In 1876 Rimbaud enlisted in the Dutch Army and was sent to the East Indies,
whereupon he deserted, found his way to Africa and ‘settled’ in Abyssinia. There he
was variously a trader, smuggler, explorer, representative of the King of Abyssinia,
and writer of reports for the French Geographical Society.

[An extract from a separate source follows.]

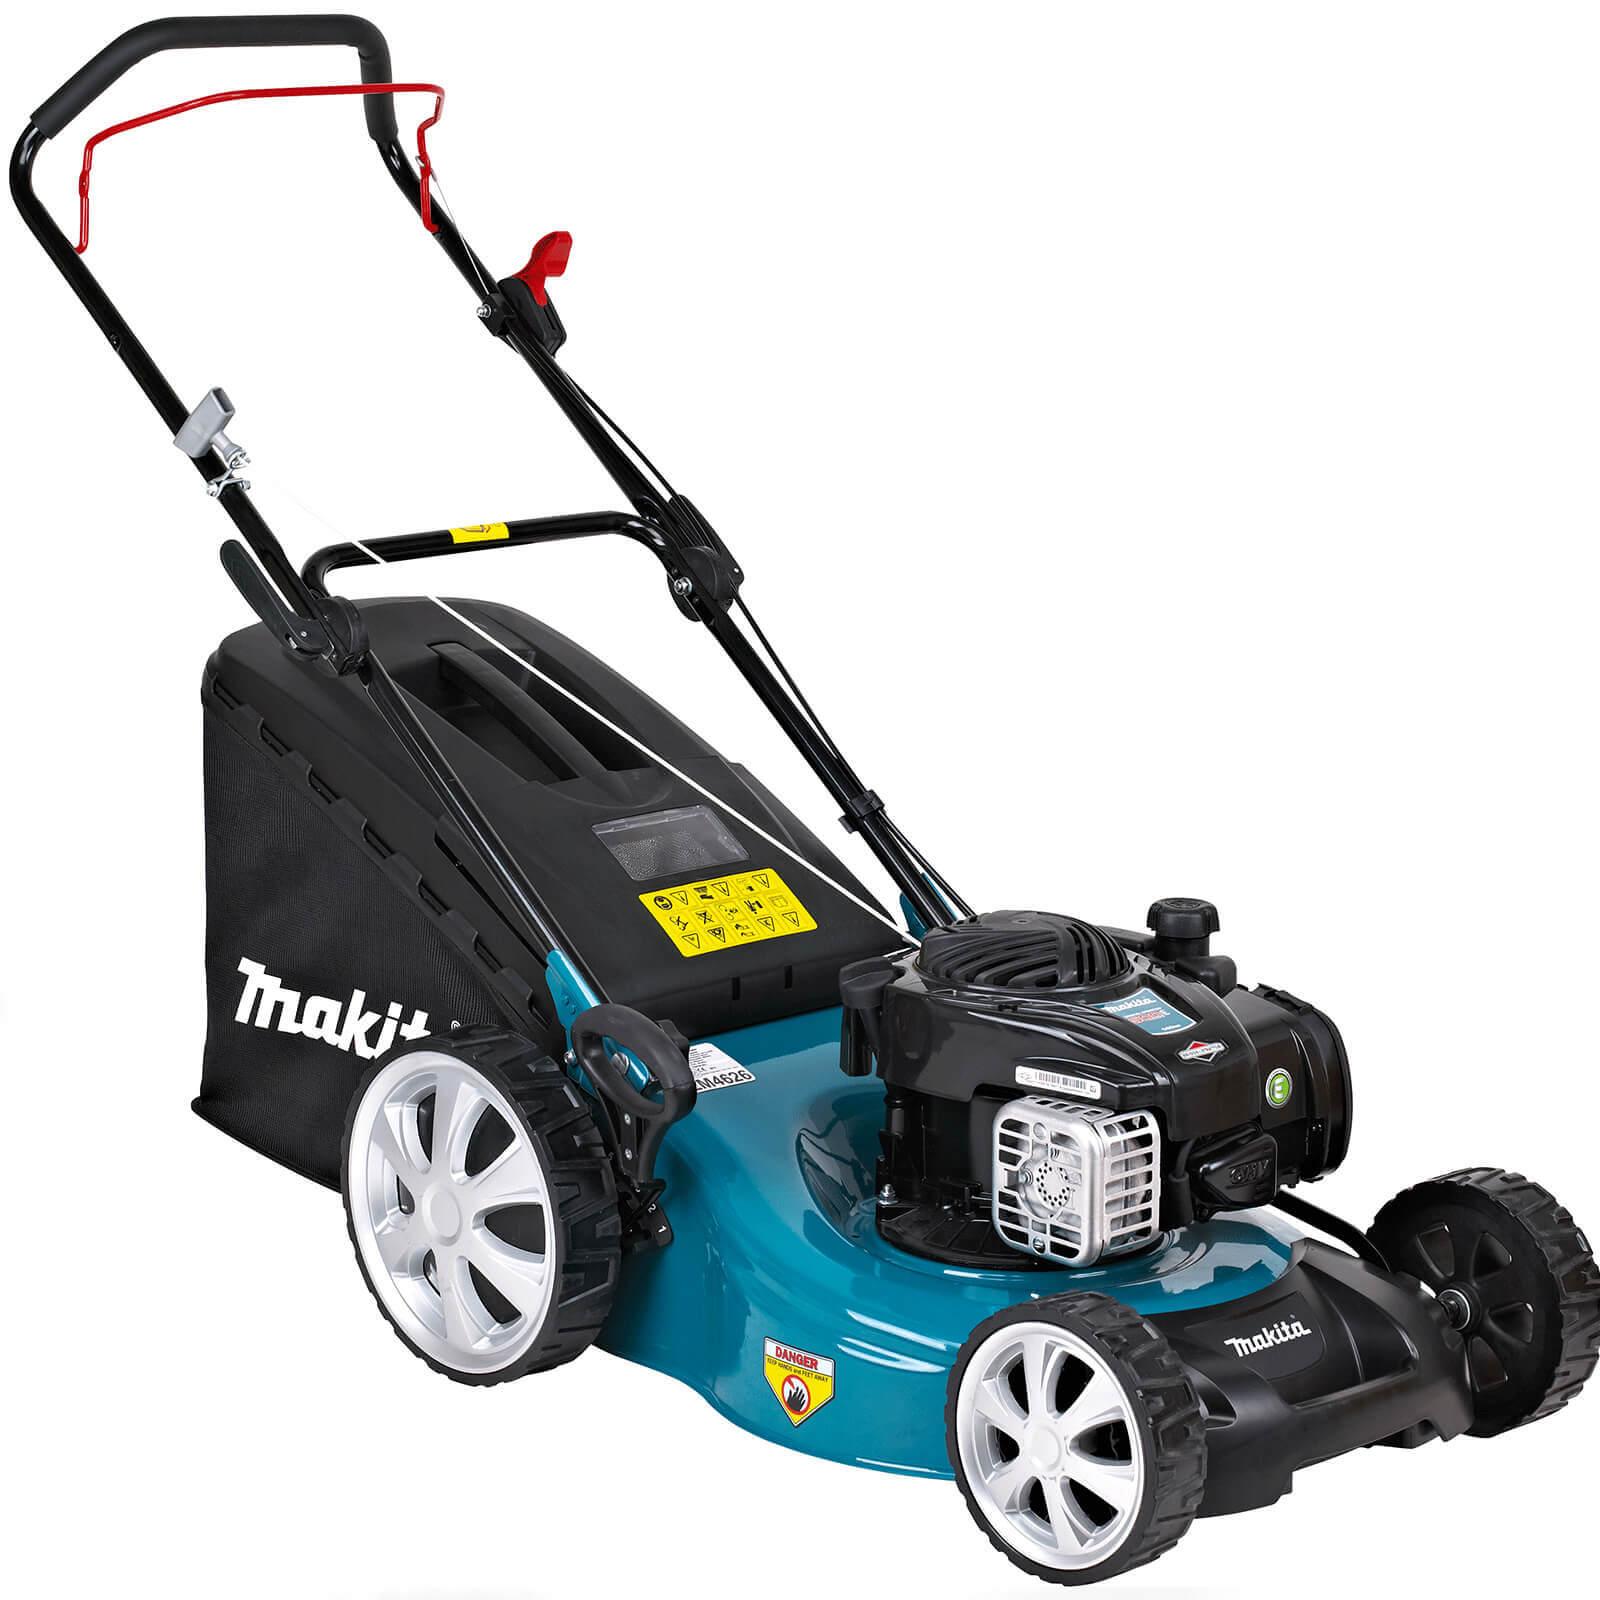 Image of Makita PLM4626N Push Petrol Rotary Lawnmower 460mm

Lovers of Rimbaud regret that he abandoned poetry when so young, but are astounded
that he produced such wealth. We remain hopeful that a manuscript will emerge in
North Africa, or somewhere, as vibrant and visionary as the brilliant oeuvre that is
known. The celebrated 100-line poem Le Bateau ivre (The Drunken Boat) was written
in 1871 when Rimbaud was 17. The story is that of a boat which recounts its own
outlandish voyages after its crew is massacred (translation, Martin Sorrell): ‘I didn’t
give a damn about the crews / Or the Flemish wheat and English cotton. / Once the
shindig with my haulers finished / I had the current take me where I wished’. And
from that moment, ‘I bathed in the Poem of the sea, / latescent and steeped in stars,
devouring green azures; where a drowned man / Like beached flotsam sometimes
sinks in a trance…’

‘Glaciers, silver suns, pearl seas, firecoal skies! / Hideous wreckages down in brown
depths / Where enormous insect-tormented snakes / Crash from twisted trees reeking
with blackness…’

The hailstorm of images seems to be a premonition of his reckless vagabondage to


come: furious riptides, atrocious moons, unanchored peninsulas, skies splintered by
lightning, rutting behemoths, star-sown islands, delirious skies which summon sailors,
‘amazing Floridas where flowers twine with panther eyes inside men’s skins’,
underwater rainbows, hurricanes hurling the boat through ‘birdless space’, before
returning to a melancholy Europe, ‘a dark cold pond’ on a ‘fragrant evening at dusk’,
and the journey’s end:

‘Steeped in your slow wine, waves, no more can I / Cadge rides in the cotton-
freighters’ slipstream, / Nor brave proud lines of ensigns and streamers,
Nor face the prison-ships’ terrible eyes.’

Note: Baudelaire and Rimbaud, like other poets of intense imagery, present almost unsurmountable difficulties for
the translator. There are several English versions of these poems which differ markedly.